Extensive resistance and limited switch to second line in perinatally infected Kenyan CALWH failing first-line ART were associated with long-term failure and mortality. Findings emphasize urgency for interventions to sustain effective, life-long ART in this vulnerable population.

摘要

背景

围生期感染艾滋病毒的儿童和青少年(CALWH)中药物耐药的长期影响尚未完全清楚。我们确定了耐药性,并研究了其对肯尼亚首例一线非核苷类逆转录酶抑制剂为基础的抗逆转录病毒治疗(ART)失败的 CALWH 患者发生失败和死亡的长期影响。

地点

肯尼亚西部学术医疗模式提供的医疗保健。

方法

参与者于 2010-2013 年入组(时间点 1),并在 4-7 年后(时间点 2)进行亚组重新入组。

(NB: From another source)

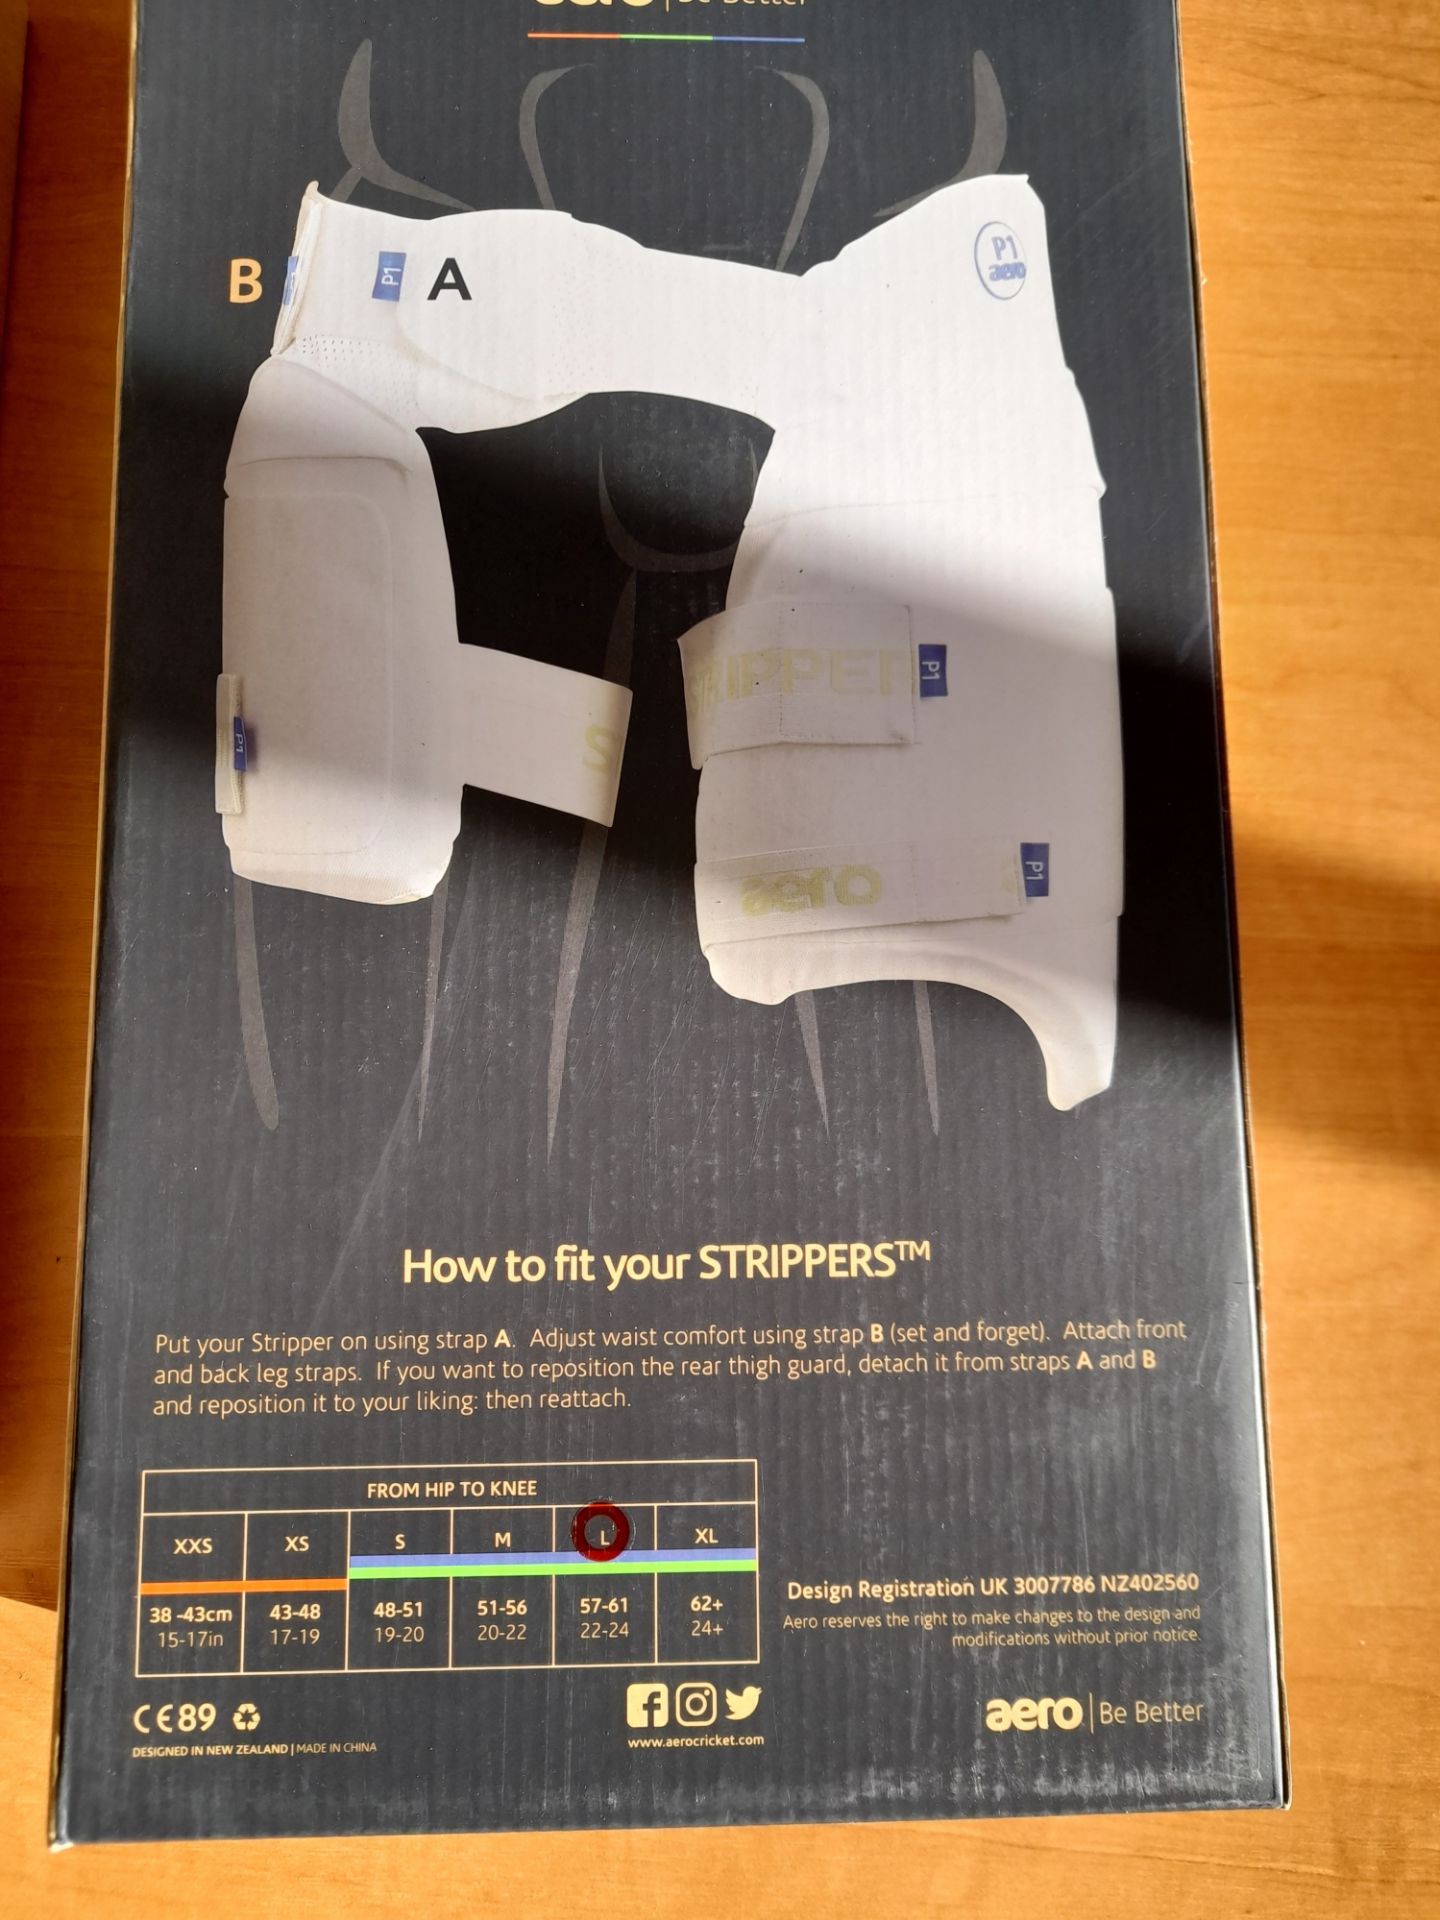 3 x Aero P2 Stripper Lower Body Protection R/H Large - Image 5 of 5

对时间点 1 样本进行病毒载量(VL)检测,并对可检测到 VL 的样本进行基因分型。主要终点是时间点 2 之前的治疗失败(VL>1000 拷贝/ml)和死亡。采用多变量回归分析来描述耐药性对死亡、失败和失访的影响,同时调整关键变量。

结果

最初的队列(n=480)中,52%(n=251)为女性,中位年龄为 8 岁,中位 CD4%为 31%,79%(n=379)接受齐多夫定/阿巴卡韦+拉米夫定+依非韦伦/奈韦拉平治疗,中位时间为 2 年。其中,31%(n=149)在时间点 1 失败。在 n=128 的时间点 1 可获得基因型,显示 93%(n=119)广泛耐药,影响二线治疗。在 128 名患者中,22 名在时间点 2 失败,17 名死亡,32 名在时间点 2 之前失访。时间点 1 存在>5 种耐药突变与更高的死亡率[相对危险比(RRR)=8.7,置信区间(CI)2.1 至 36.3]和失访相关(RRR=3.2,CI 1.1 至 9.2)。转换为二线治疗与较低的死亡率(RRR<0.05,CI<0.05 至 0.1)和失访相关(RRR=0.1,CI<0.05 至 0.3)。

结论

在肯尼亚首例一线 ART 失败的围生期感染的 CALWH 中,广泛耐药和二线治疗的有限转换与长期失败和死亡相关。这些发现强调了在这一脆弱人群中维持有效、终生 ART 的紧迫性。